Negative Bcl2 (Bcl2-) was observed in 70% of EP-TNBC and was significantly associated with high proliferation, high levels of P-Cadherin, E-Cadherin and HER3 (P's < 0.01), while Bcl2+ was significantly associated with high levels of p27, MDM4 and SPAG5 (P < 0.01). After controlling for chemotherapy and other prognostic factors, Bcl2- was associated with 2-fold increased risk of death (P = 0.006) and recurrence (P = 0.0004). Furthermore, the prognosis of EP-TNBC/Bcl2- patients had improved both BC-specific survival (P = 0.002) and disease-free survival (P = 0.003), if they received adjuvant-ATC-CT. Moreover, Bcl2- expression was an independent predictor of pathological complete response of primary locally advanced triple negative breast cancer (PLA-TNBC) treated with neoadjuvant-ATC-CT (P = 0.008).
Adding Bcl2 to the panel of markers used in current clinical practice could provide both prognostic and predictive information in TNBC. TNBC/Bcl2- patients appear to benefit from ATC-CT, whereas Bcl2+ TNBC seems to be resistant to ATC-CT and may benefit from a trial of different type of chemotherapy with/without novel-targeted agents.

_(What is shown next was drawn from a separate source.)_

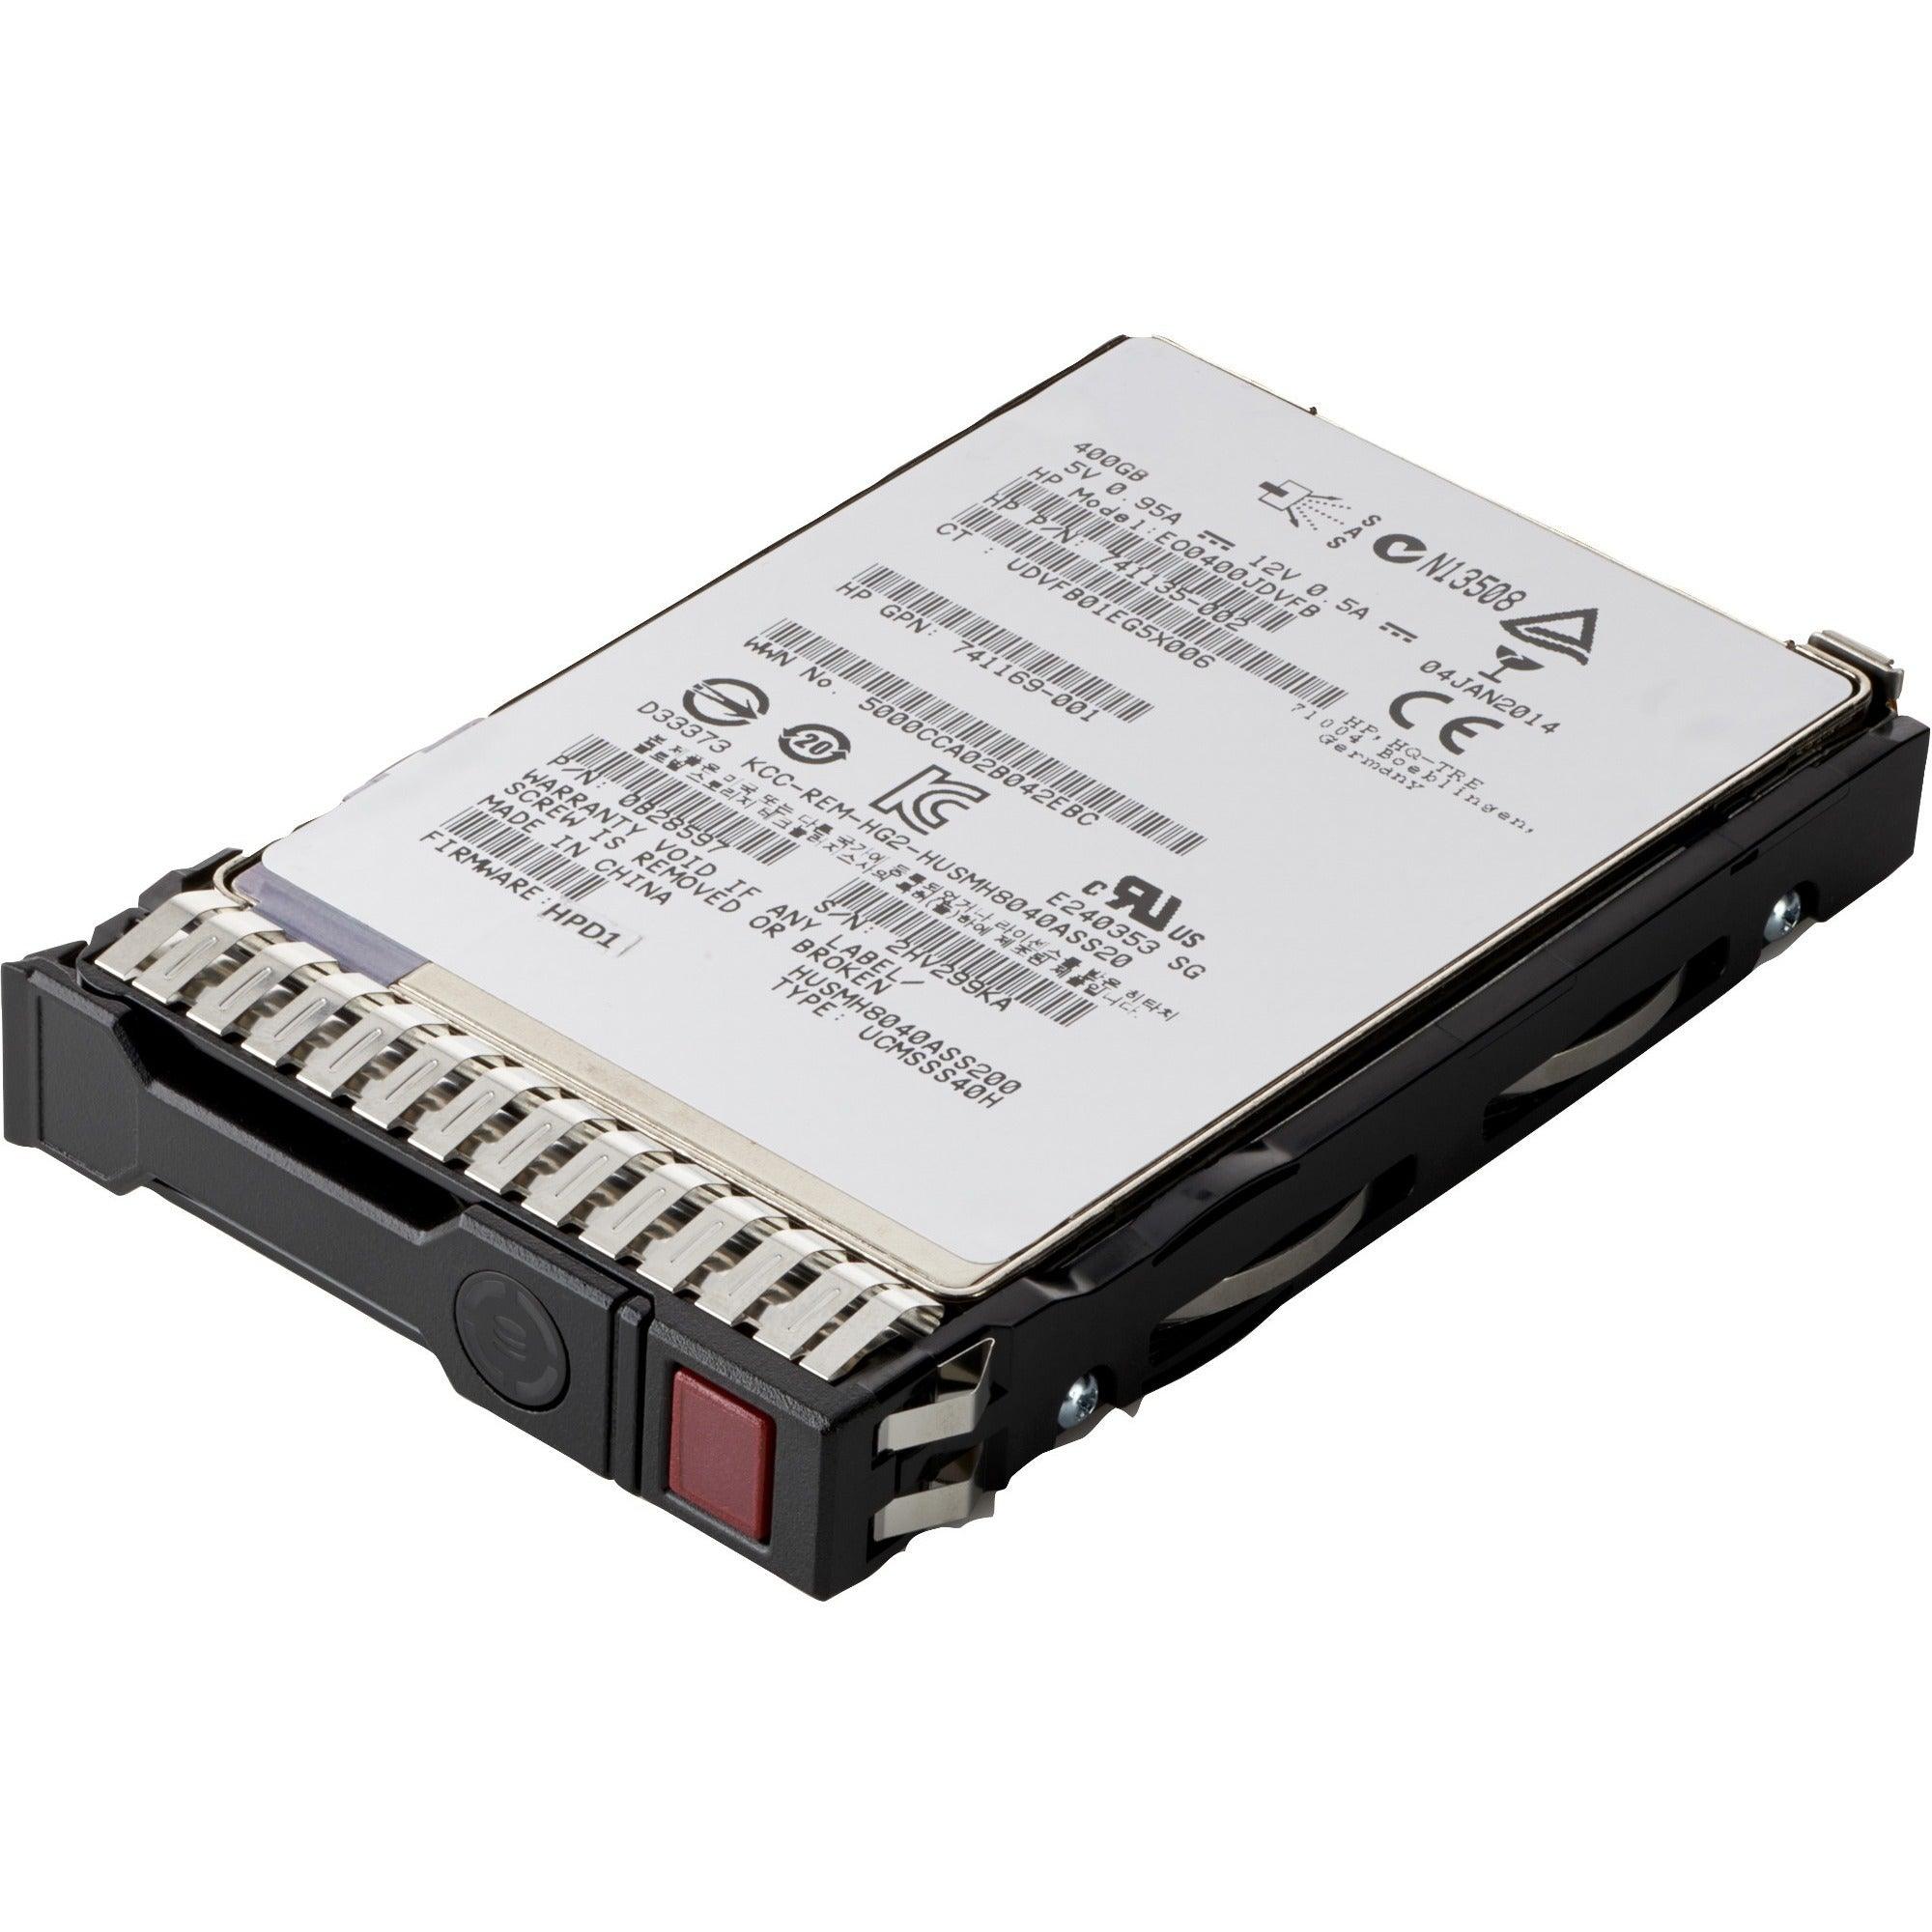 HPE 480GB SATA 6G Mixed Use SFF (2.5in) SC SSD P09712-B21
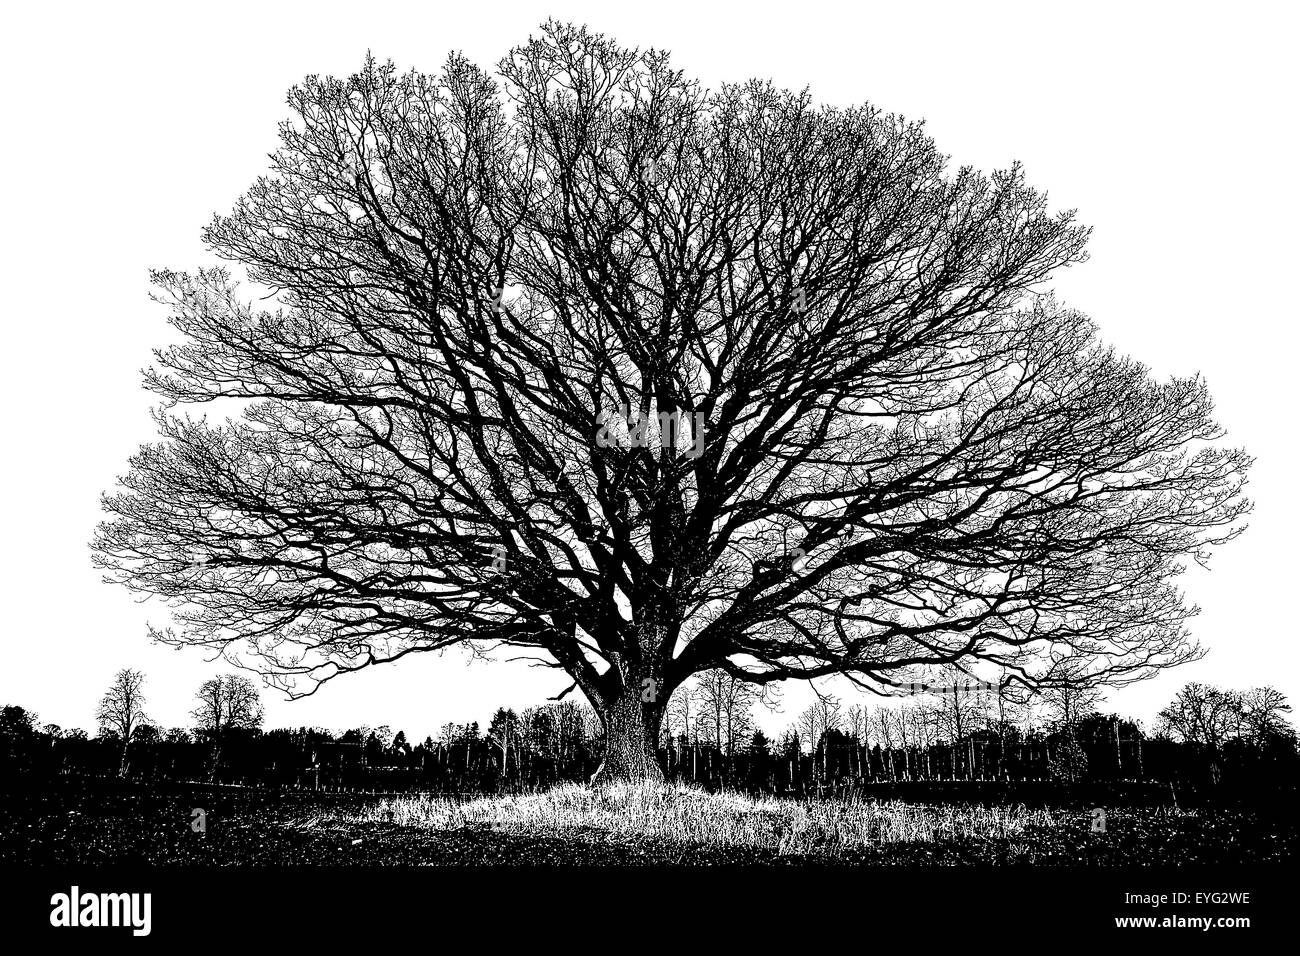 Old giant oak tree, English oak, with winter leafless branches in silhouette as pen and ink black and white, artistic illustration directly from photo Stock Photo

三阴性乳腺癌(TNBC)是一种预后较差且常对化疗耐药的乳腺癌异质性亚组。
评估了 736 例 TNBC 患者的 Bcl2 免疫组化蛋白表达与临床病理结局的关系:635 例患者为早期原发性 TNBC(EP-TNBC),101 例为接受新辅助 ATC-CT 治疗的原发性局部晚期(PLA)-TNBC。
EP-TNBC 中 70%的患者 Bcl2 阴性(Bcl2-),与高增殖、高 P-钙粘蛋白、E-钙粘蛋白和 HER3 水平显著相关(P<0.01),而 Bcl2+与高 p27、MDM4 和 SPAG5 水平显著相关(P<0.01)。在控制化疗和其他预后因素后,Bcl2-与死亡风险增加 2 倍相关(P=0.006)和复发(P=0.0004)。此外,如果 EP-TNBC/Bcl2-患者接受辅助 ATC-CT,其乳腺癌特异性生存(P=0.002)和无病生存(P=0.003)均有改善。此外,Bcl2-表达是接受新辅助 ATC-CT 治疗的局部晚期三阴性乳腺癌(PLA-TNBC)病理完全缓解的独立预测因子(P=0.008)。
在当前临床实践中使用的标志物组合中加入 Bcl2,可以为 TNBC 提供预后和预测信息。Bcl2-TNBC 患者似乎从 ATC-CT 中获益,而 Bcl2+ TNBC 似乎对 ATC-CT 耐药,可能受益于不同类型的化疗联合/不联合新型靶向药物的试验。